If the symmetric difference is defined as $a / b \equiv (a \wedge \neg b) \vee (\neg a \wedge b)$, then prove that $$a \vee b \equiv (a / b) / (a \wedge b)$$
I tried to expand the right-hand side of the equivalence:
$$(a/ b)/(a\wedge b)\equiv (¬(a/b)\wedge(a\wedge b))\vee((a/b)\wedge¬(a\wedge b))$$
and then break the expansion of the disjunction:
*
*$¬(a/b)\wedge(a\wedge b)$
*$(a/b)\wedge¬(a\wedge b)$
For the first part:
$$¬(a/b)\wedge(a\wedge b)\equiv ¬((a\wedge¬b)\vee(¬a\wedge b))\wedge(a\wedge b)$$
$$\equiv (¬(a\wedge¬b)\wedge¬(¬a\wedge b))\wedge(a\wedge b)\equiv (¬a\vee b)\wedge(a\vee¬b)\wedge a\wedge b $$
$$\equiv ((¬a\vee b)\wedge a)\wedge((a\vee¬b)\wedge b)\equiv ((¬a\wedge a)\vee(b\wedge a))\wedge((a\wedge b)\vee(¬b\wedge b))$$
$$\equiv(0\vee(a\wedge b))\wedge((a\wedge b)\vee 0)\equiv (a\wedge b)\wedge(a\wedge b)\equiv a\wedge b $$
And for the second part:
$$(a/b)\wedge¬(a\wedge b)\equiv ((a\wedge¬b)\vee(¬a\wedge b))\wedge¬(a\wedge b) $$
$$\equiv (a\wedge¬b)\vee(¬a\wedge b)\vee¬a\vee¬b\equiv ((a\wedge¬b)\vee¬a)\vee((¬a\wedge b)\vee¬b)$$
$$\equiv ((¬a\vee a)\wedge(¬b\vee¬a))\vee((¬a\vee¬b)\wedge(b\vee¬b))\equiv(1\wedge¬(b\wedge a))\vee(¬(a\wedge b)\wedge 1) $$
$$¬(a\wedge b)\vee¬(a\wedge b)\equiv ¬(a\wedge b) $$
So I have that $(a/ b)/(a\wedge b)\equiv (a\wedge b)\vee ¬(a\wedge b)$. Expanding again gives$\dots$
$$(a\wedge b)\vee ¬(a\wedge b)\equiv (a\wedge b)\vee¬a\vee¬b\equiv(a\vee¬a\vee¬b)\wedge(b\vee¬a\vee¬b)$$
$$\equiv ¬b\wedge¬a\equiv ¬(a\vee b) $$
So given the algebraic manipulation I get $(a/ b)/(a\wedge b)\equiv ¬(a\vee b)$, which is the opposite of what I was looking for. How can I prove this?

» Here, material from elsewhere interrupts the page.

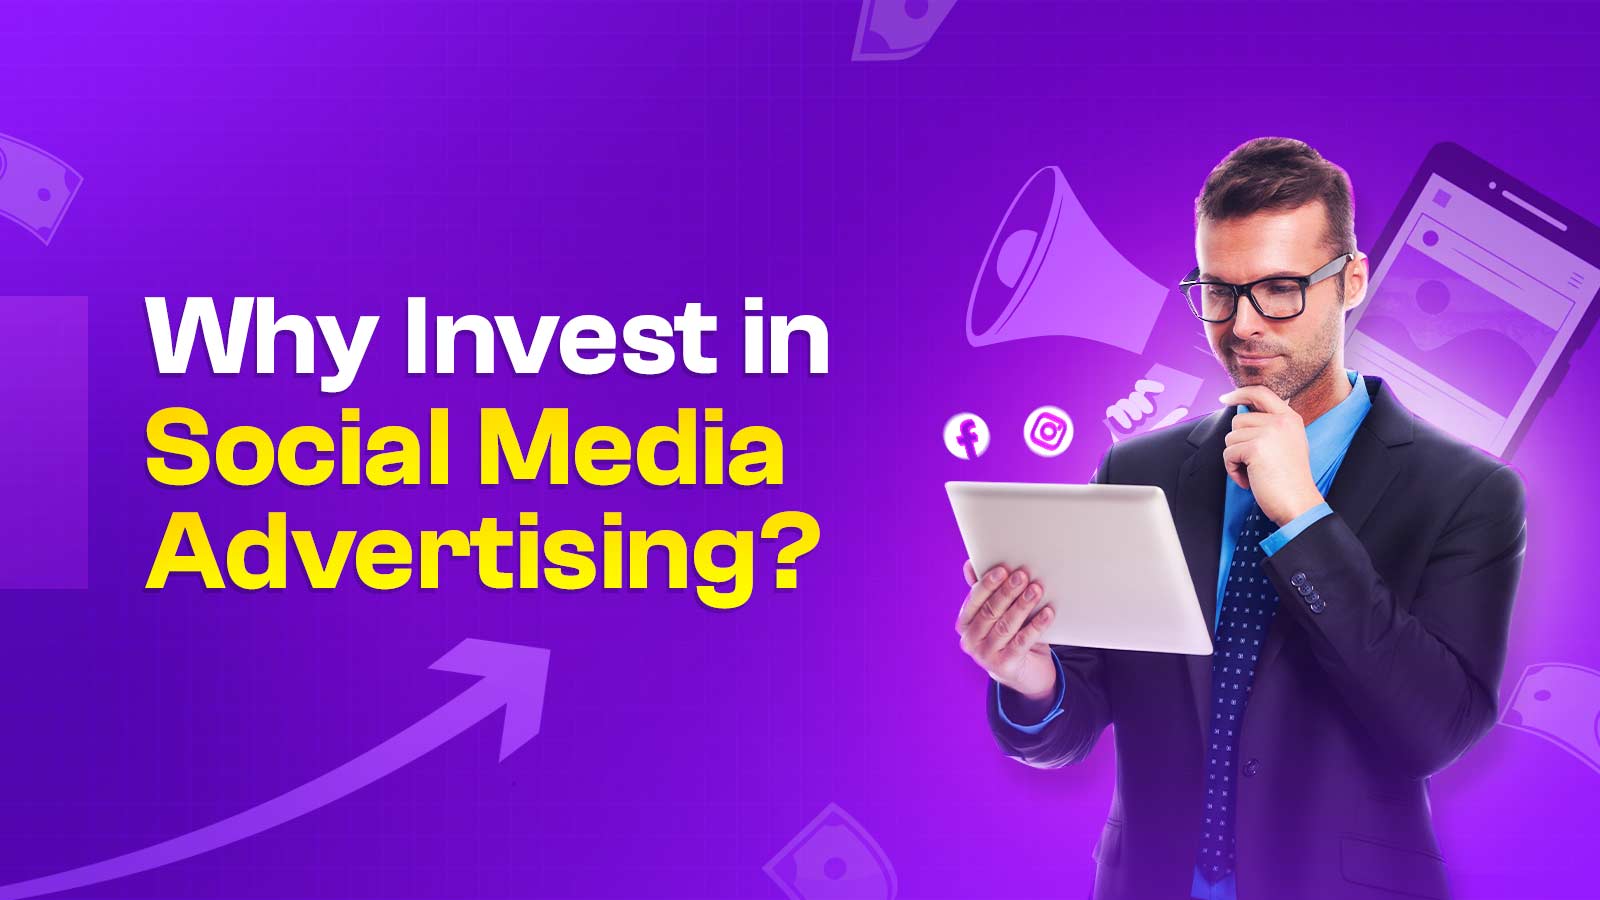 8 Common Reasons Why Invest In Social Media Advertising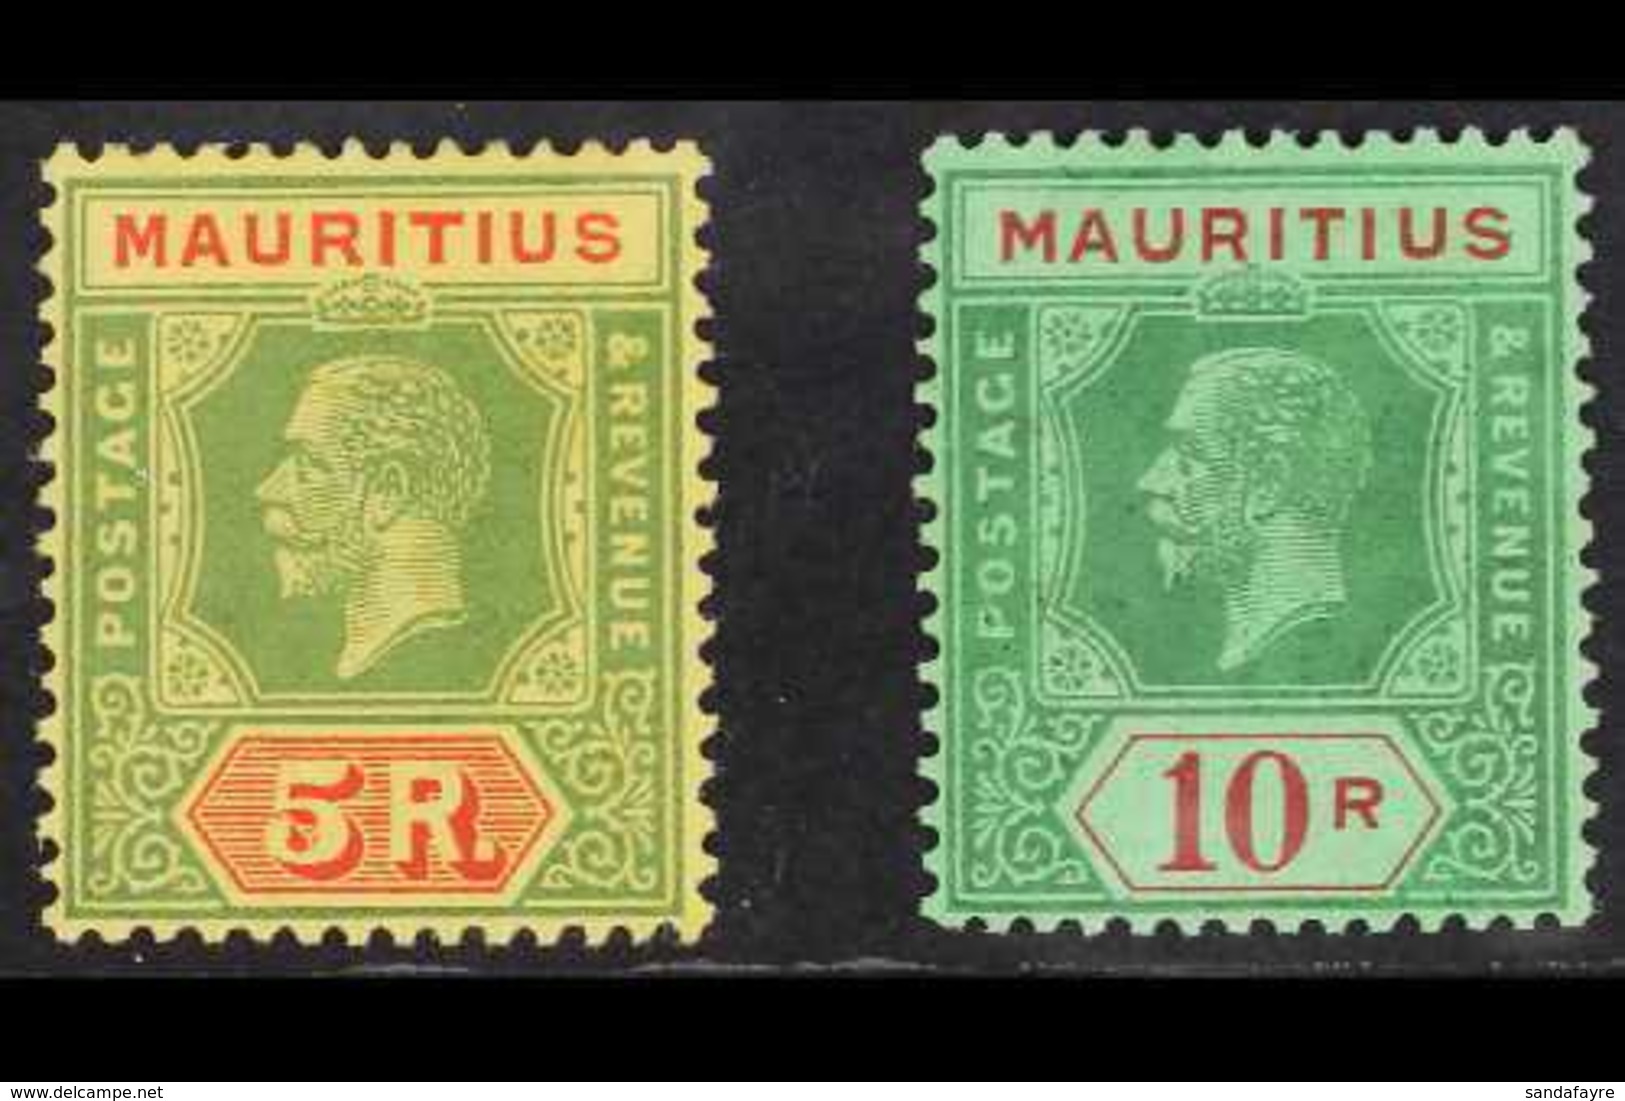 1921-34 5r And 10r Top Values, Die II, Watermark Multi Script CA, Fine Mint. (2 Stamps) For More Images, Please Visit Ht - Mauritius (...-1967)

| I find the 'engineering' notation a little easier to manipulat, $a \oplus b = a \overline{b}+\overline{a}b$, note that coincidence
$\overline{a \oplus b} = ab + \overline{a} \overline{b}$.
Then
\begin{eqnarray}
(a \oplus b) \oplus ab &=& (a \overline{b}+\overline{a}b)( \overline{a}+\overline{b}) + (ab + \overline{a} \overline{b}) ab\\
&=& a \overline{b}+\overline{a}b + ab \\
&=& a + b
\end{eqnarray}
Alternatively consider the four exhaustive cases $(a,b) \in \{(F,F), (F,T), (T,F), (T,T) \}$ and show equality for each assignment.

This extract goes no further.